The ex-onion bed is now a brassica bed. I weeded, forked in some blood, fish & bonemeal, trampled then planted some cauli (snowball), PSB and kale (Black Tuscany). They are planted a bit close together at the moment but will be thinned out eventually by selective cropping.


I thought I'd try out cabbage collars. The brassicas I already have in the allotment are fine, but the caulis I planted in containers in my back garden just over the hedge all suffered from cabbage root fly.


AN's lad's cucumber is doing well! I weeded under it for him - he's a bit too young to be sent on his own to look after it. I went back later and put straw under the fruits to keep them off the soil.


I planted out two-and-a-half rows of leeks in this space vacated by the Anyas then I filled the last half row with garlic.

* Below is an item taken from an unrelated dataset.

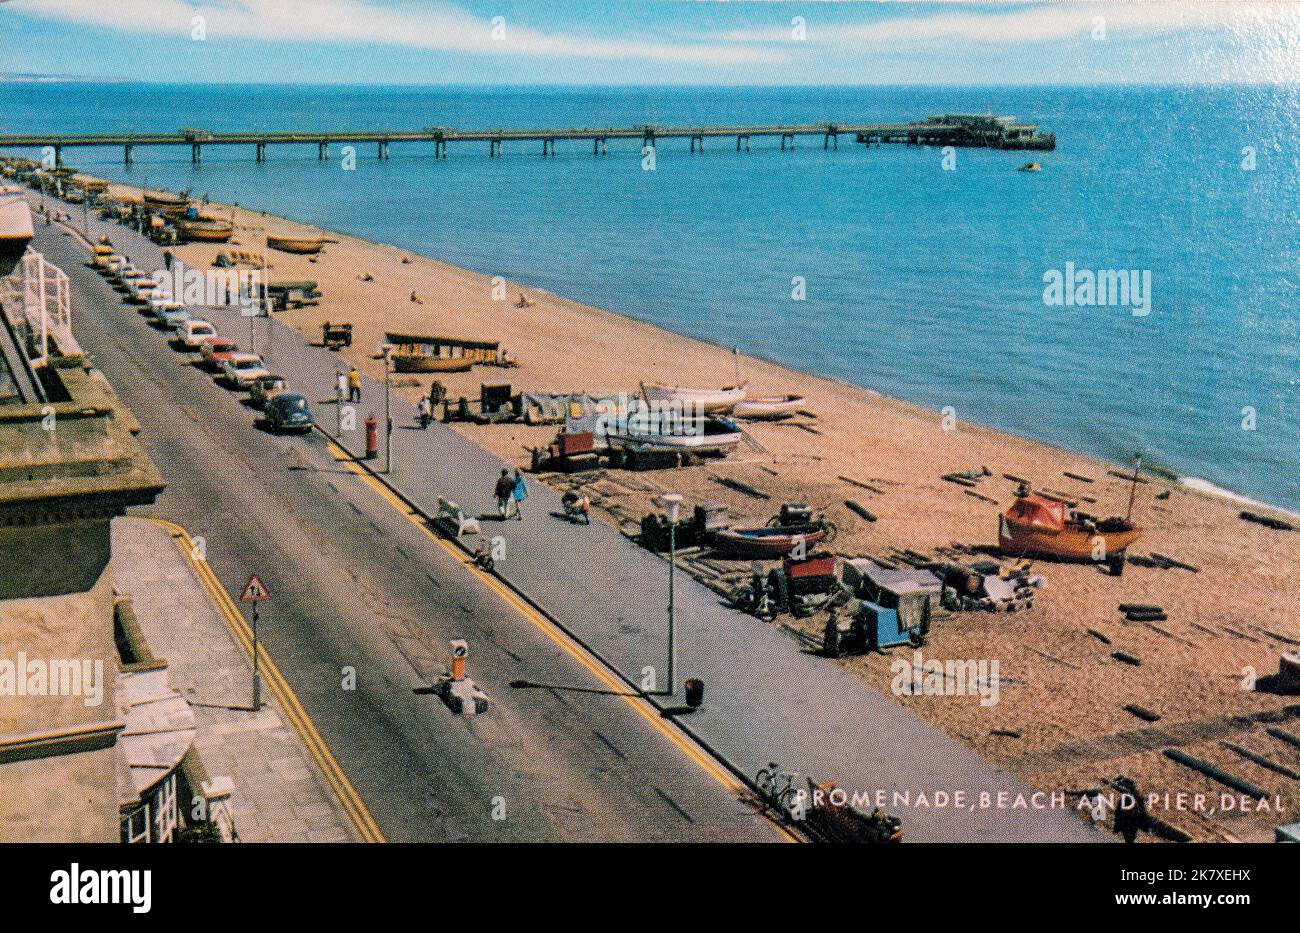 Vista panoramica degli anni '60 della Promenade, della spiaggia e del molo nella città costiera di Deal, Kent, Inghilterra, Regno Unito Foto Stock
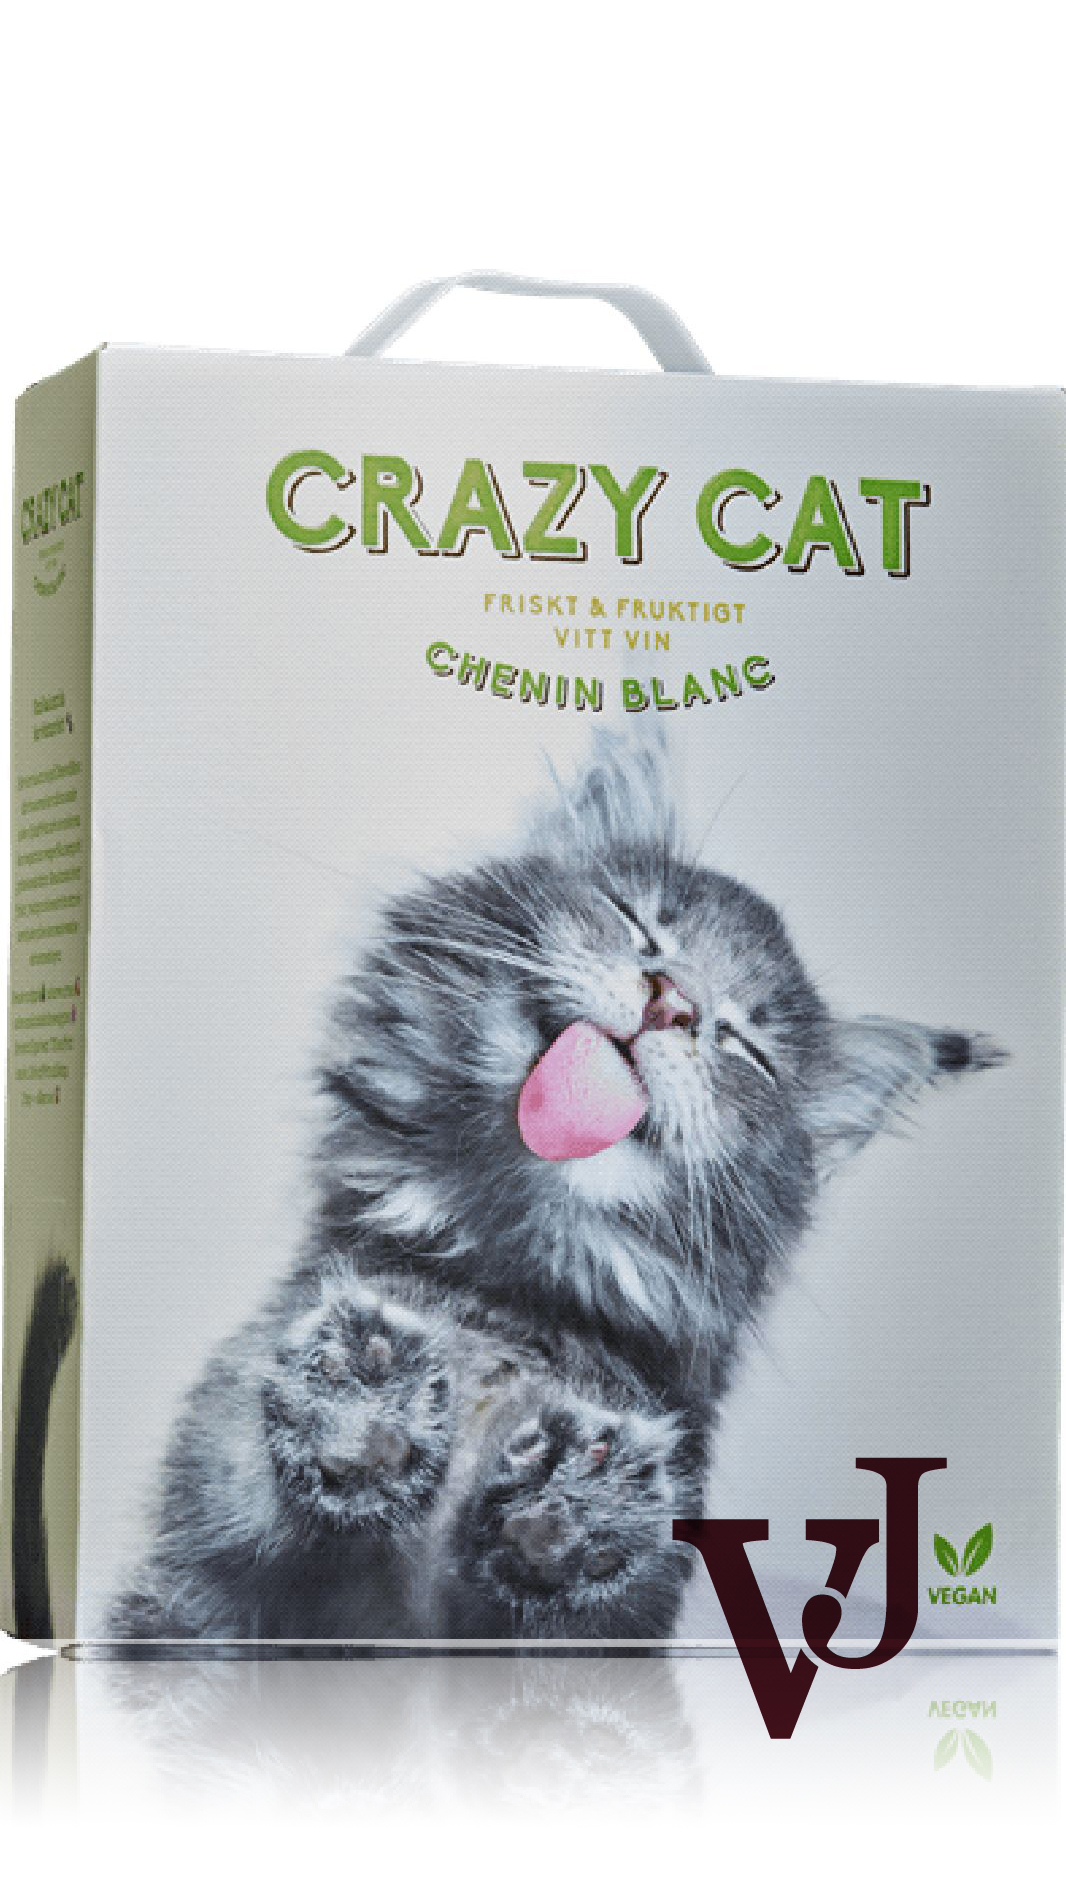 Vitt Vin - Crazy Cat artikel nummer 5617508 från producenten VINMUNDI från området Sydafrika

Also, unsnapped by camera, I tidied up the strawberry bed by removing all the runners and doing a bit of weeding. I removed weeds that were "rounding off" the corners of the beds. Not precision work, but a very satisfying grab-handfuls-and-pull technique.


My Helpful Assistant points out that I need to get the strimmer out.


Hey! What's this netting for? Where'd my onions go? What am I going to roll in now?


That's right princess - stay on the path and I won't water your backside.


These are pretty - didn't weed them out.
The bindweed amongst the tatties was thinking about flowering but it's such a thug of a plant it had to go.

On the subject of tatties:

Oh no... surely not...

I think this is blight on the Mystery Spuds.
All haulms removed and binned. The desirees on the next bed seem to be fine but I will keep a very close watch on them. The next allotment along has lost all its tomatoes, probably to blight too.